Quelle coalition pour diriger le pays ?

La perte de majorité à l’Assemblée nationale met l’ANC dans une situation inédite. Si, dans le passé, l’ANC a dirigé le pays en coalition avec d’autres forces politiques, ce n’était pas faute de majorité parlementaire. C’était plutôt des arrangements politiques dans le cadre du processus de sortie de la période l’apartheid. Dans la configuration de 2024, l’ANC n’est plus en situation d’hégémonie. Certes, il reste le principal parti, mais il a besoin de forces d’appoints pour diriger de manière stable. Le DA et Economic Freedom Fighters (EFF) de Julius Sello Malema se sont déclarés prêts à gouverner avec l’ANC. MK exige la mise à l’écart du président Cyril Ramaphosa comme préalable. Selon plusieurs sources, le DA est l’option préférée de Ramaphosa. Les milieux d’affaires poussent également dans ce sens. L’EFF, qui est arrivé en quatrième position avec 1 529 961 voix (9,52 %), bénéficie de la faveur de nombreux cadres de l’ANC, dont le vice-président Paul Shipokosa Mashatile.

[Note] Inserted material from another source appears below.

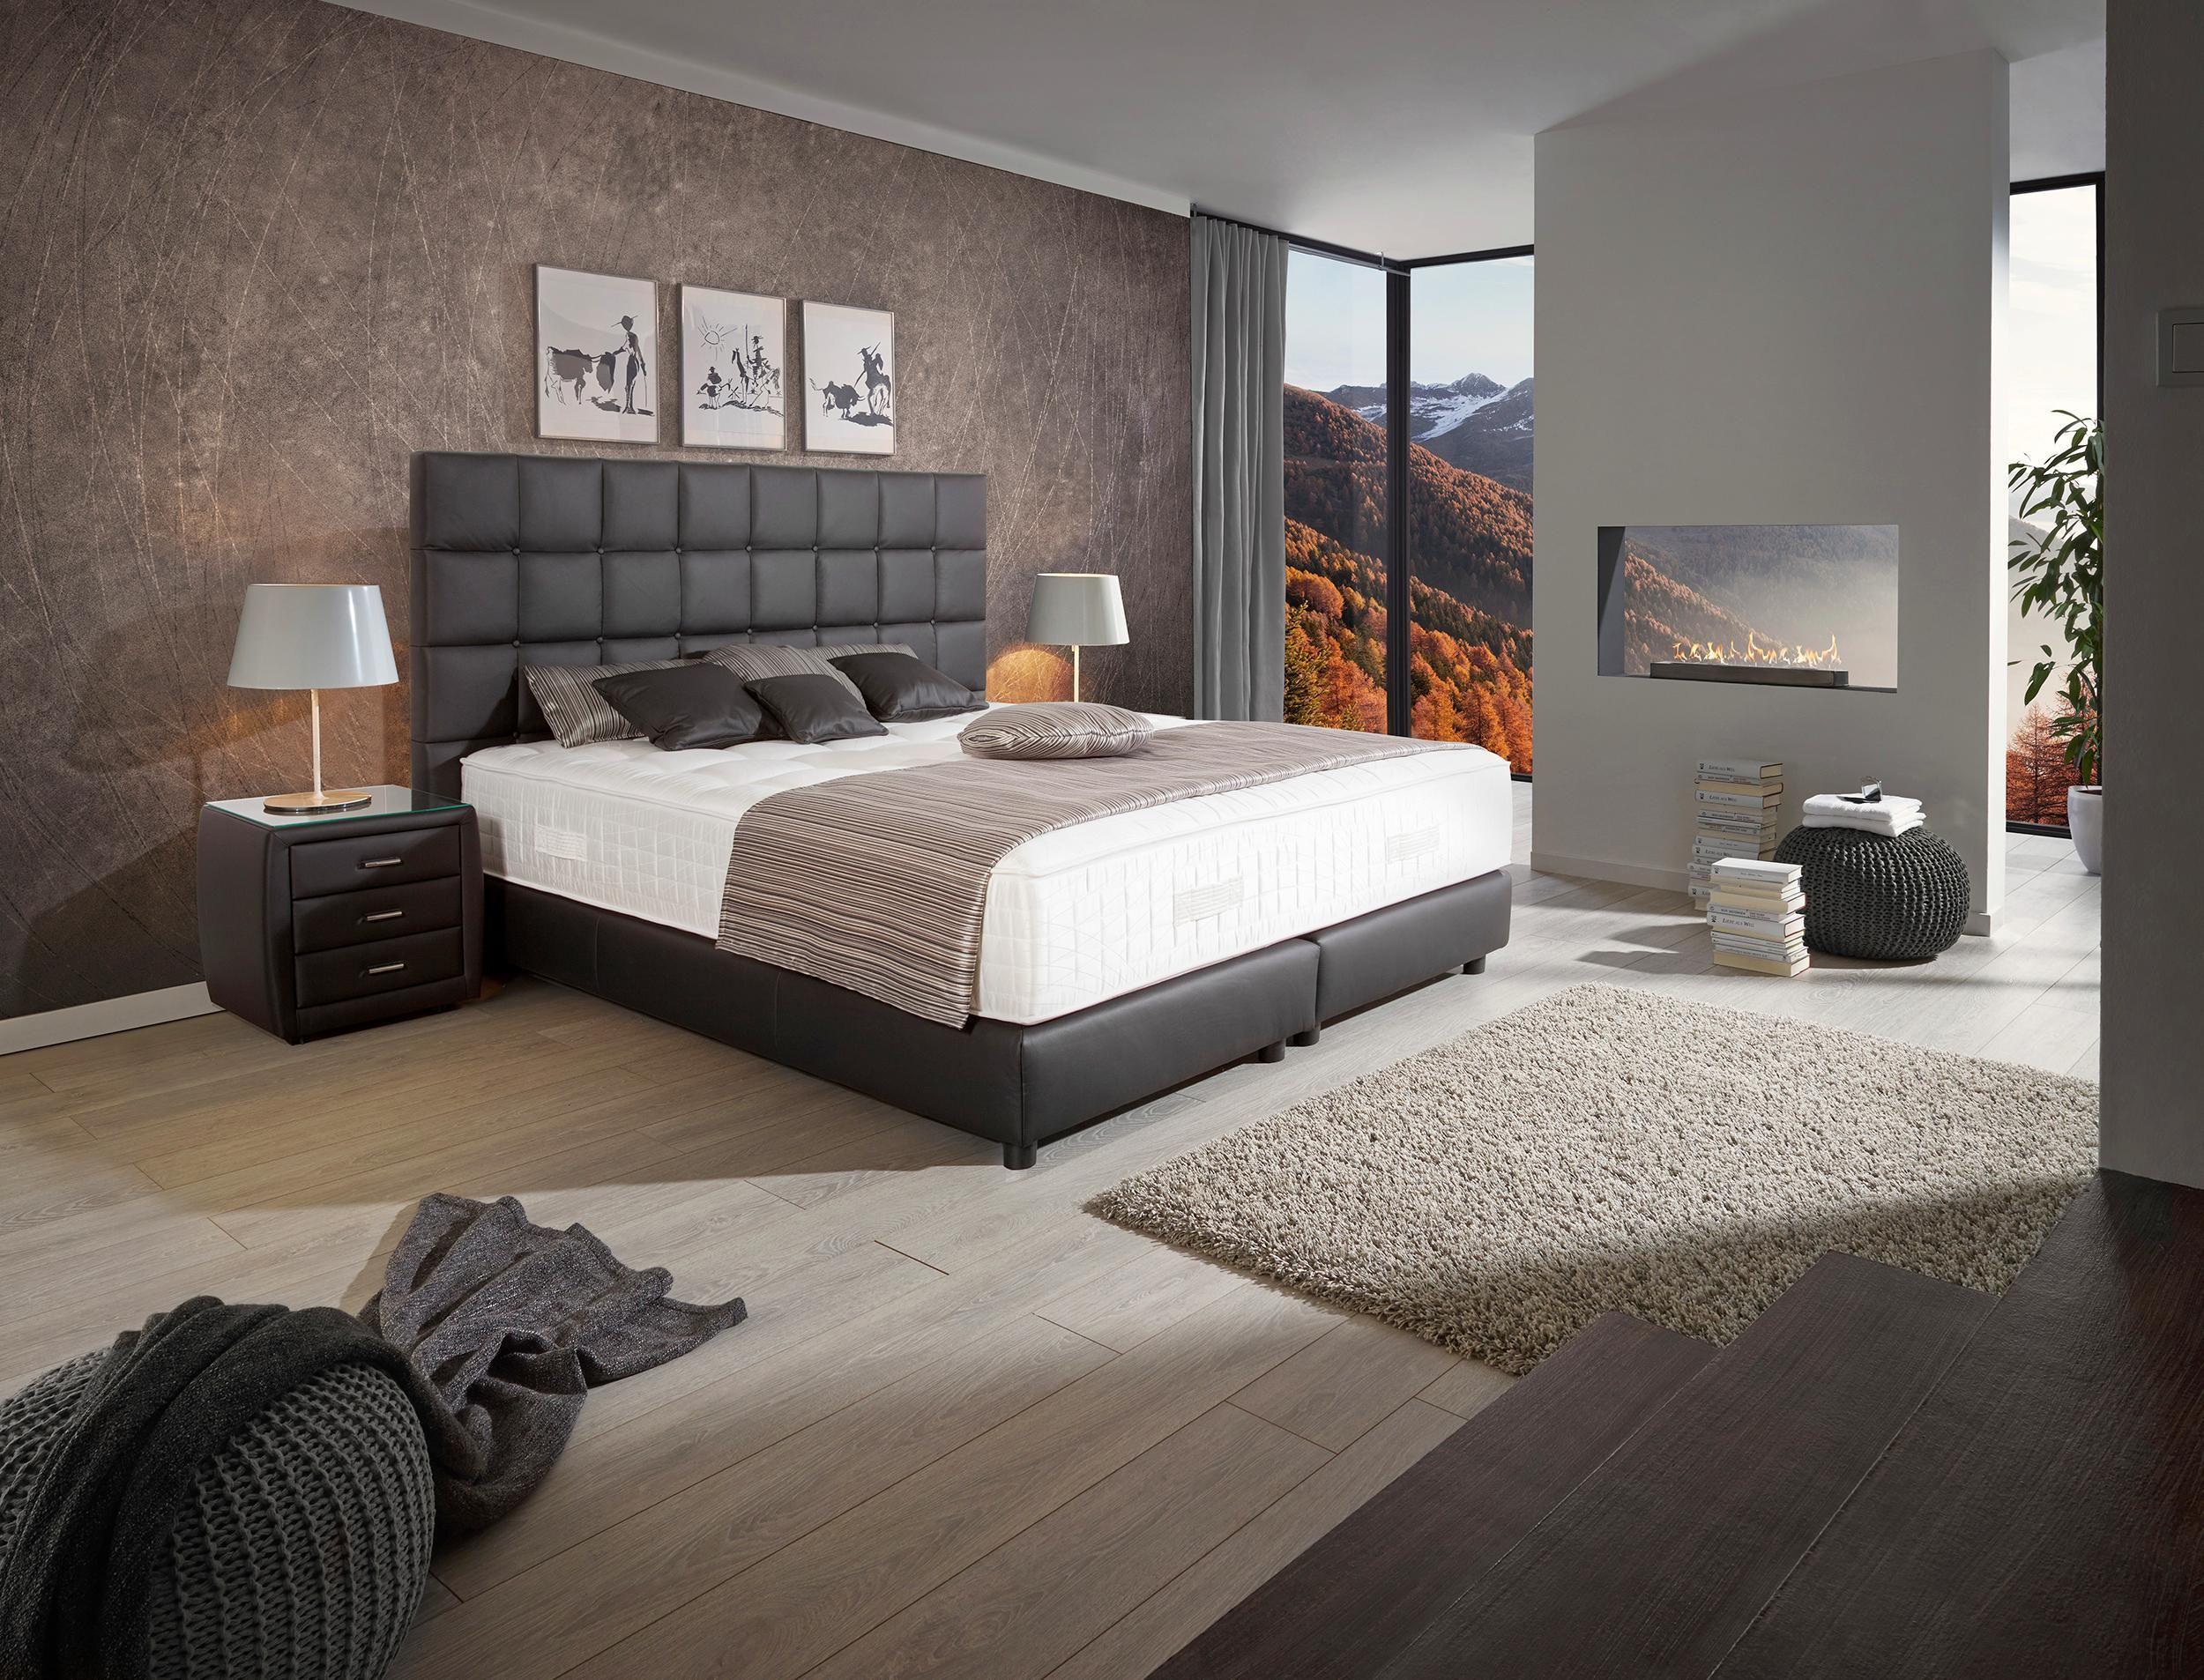 Schlafzimmer Ideen Wandgestaltung, Wandgestaltung Mit

Dans les prochaines semaines, ces débats seront tranchés. Mais dans tous les cas, il s’agira d’un choix fort : assumer le statu quo et l’option néolibérale ou prendre un virage plus social comme les mesures prises dans les dernières semaines de la campagne électorale le laissent entrevoir. Cyril Ramaphosa a promulgué, le 15 mai 2024, la loi instaurant une couverture santé universelle (NHI). Cette loi crée un fonds qui permettra de garantir l’accès aux soins de santé de tous.

Félix Atchadé

Collectif Afrique PCF

Article publié dans CommunisteS, n°999, 5 juin 2024.